We think it unnecessary to consider whether the underwriters in the present case were partners or merely principals, in so far as those dealing generally with their attorneys are concerned. In so far as they dealt with the plaintiff, they provided by contract the measure of their liability, and that liability should be so determined in the absence of some rule of public policy or statute law. We conclude that the underwriters are liable severally only, and only for their percentage of the entire loss as fixed by the policies. 1 Cooley’s Brief on Insurance, p. 53; 4 Cooley’s Brief on Insurance, p. 3072, and cases there cited; 25 Cyc. p. 1527, and cases cited in note 26.

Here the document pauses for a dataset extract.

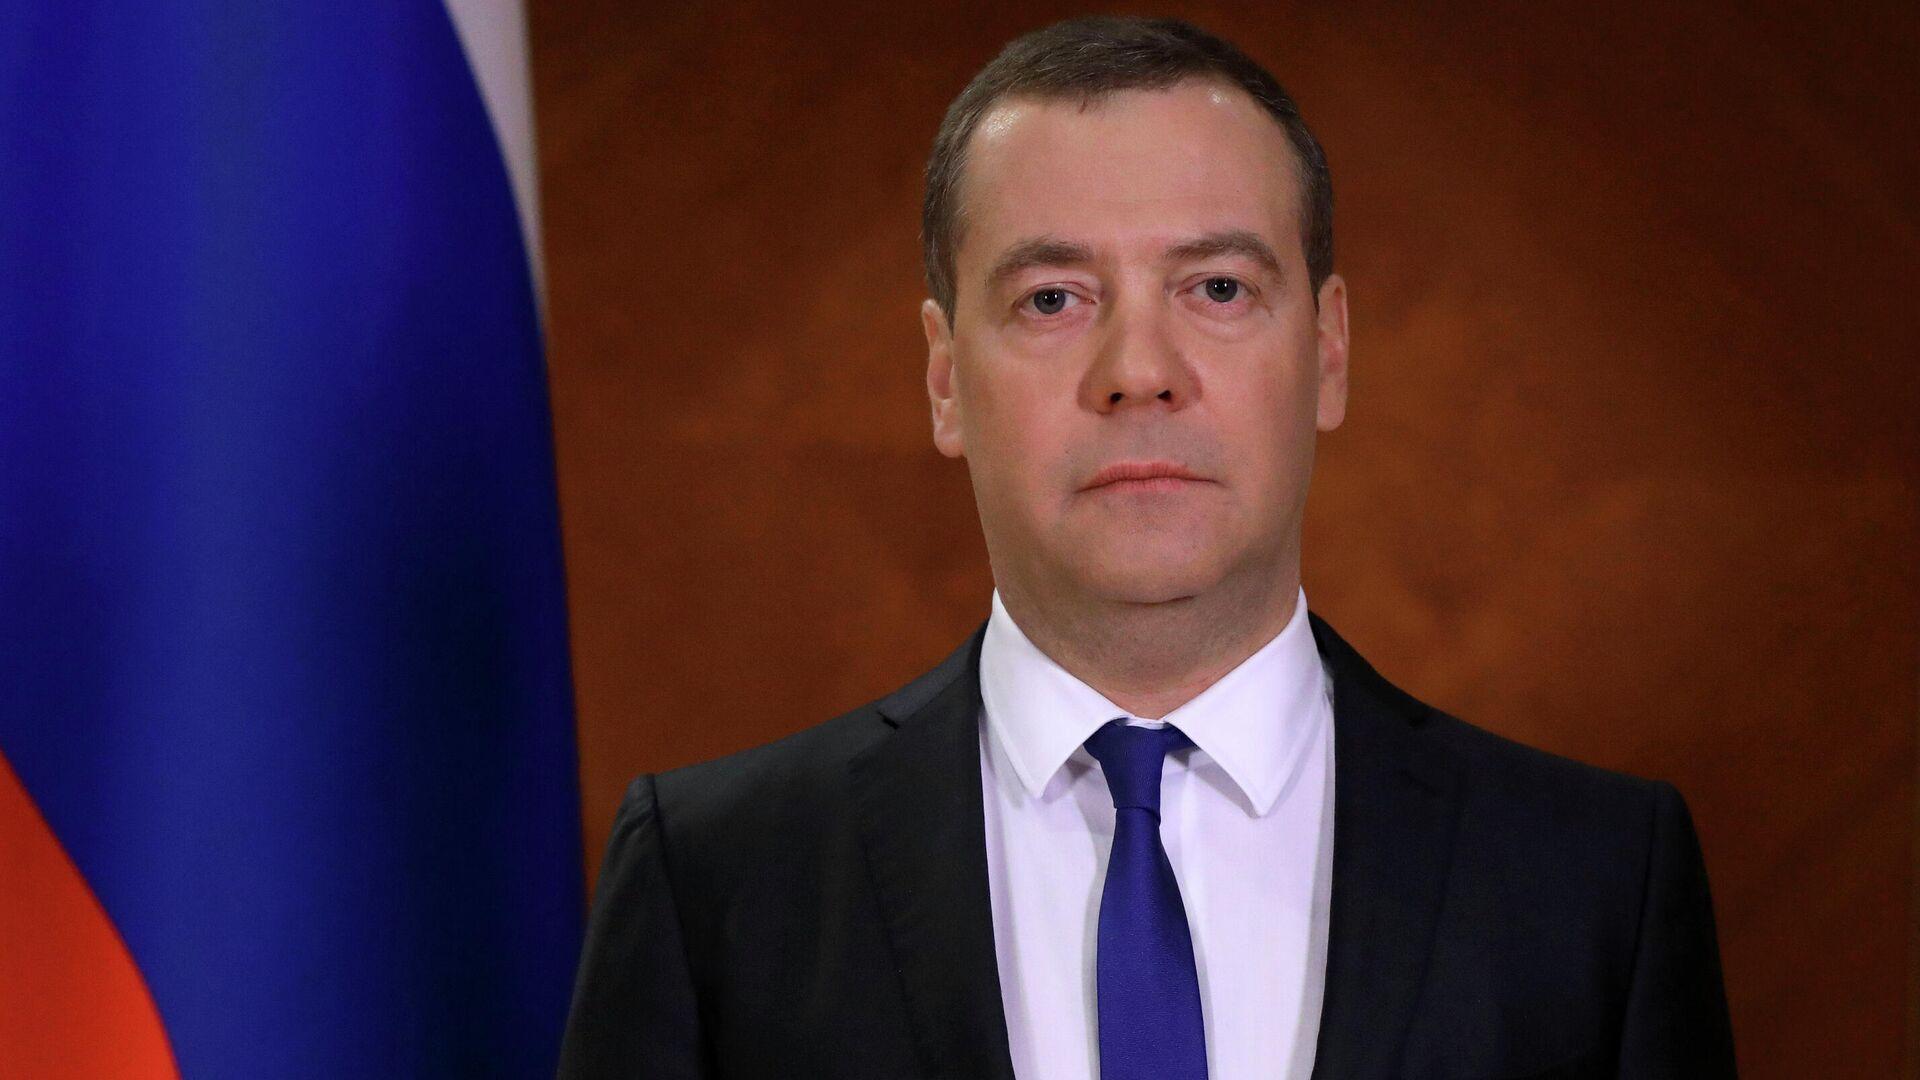 Заместитель председателя Совета Безопасности РФ Дмитрий Медведев - РИА Новости, 1920, 24.10.2020

[6, 7] We are of the opinion, however, that the judgment against the association and against ICempner and Cunningham, as guarantors jointly and severally for the full amount of the insurance upon the building in the smaller policy, should not be disturbed. We take this view independently of the fact that the liability of the association as such is not brought in question by any of the assignments of error. We think that whatever may be the nature of the liability of the underwriters, the undertaking was the creation of such an association as under our statutes is authorized to be sued in the name of the association. A fund was provided out of which all losses, including the loss in question, should be satisfied. In the proceedings for temporary injunction, the attorneys in fact stated under oath that the association was solvent, and amply able to pay) the entire loss, and in order to secure a modification of the temporary injunction a bond in the sum of $7,500 was entered into, in which the association and the attorneys in fact bound themselves as principals, jointly and severally, to satisfy any judgment which might be rendered in the case against them, or either of them. The judgment against the association upon that portion of the smaller policy, held not to be invalid, should be permitted to stand; and we see no ground for holding that the attorneys in fact should not be bound, under their express obligation, as principals, to pay that judgment.

We conclude that the judgments of the district court and Court of Civil Appeals should be reversed, and the cause remanded to the former, with instructions to render judgment in favor of plaintiff against the Lloyd’s Exchange and Kempner and Cunningham jointly and severally for $500, with legal interest from June 3, 1916, and against the individual defendants who were served severally, but not jointly, each for his percentage (as designated in the smaller policy) of said $500 and interest.

PHILLIPS, C. J.

The judgment recommended in the report of the Commission of Appeals is adopted, and will be entered as the judgment of the Supreme Court.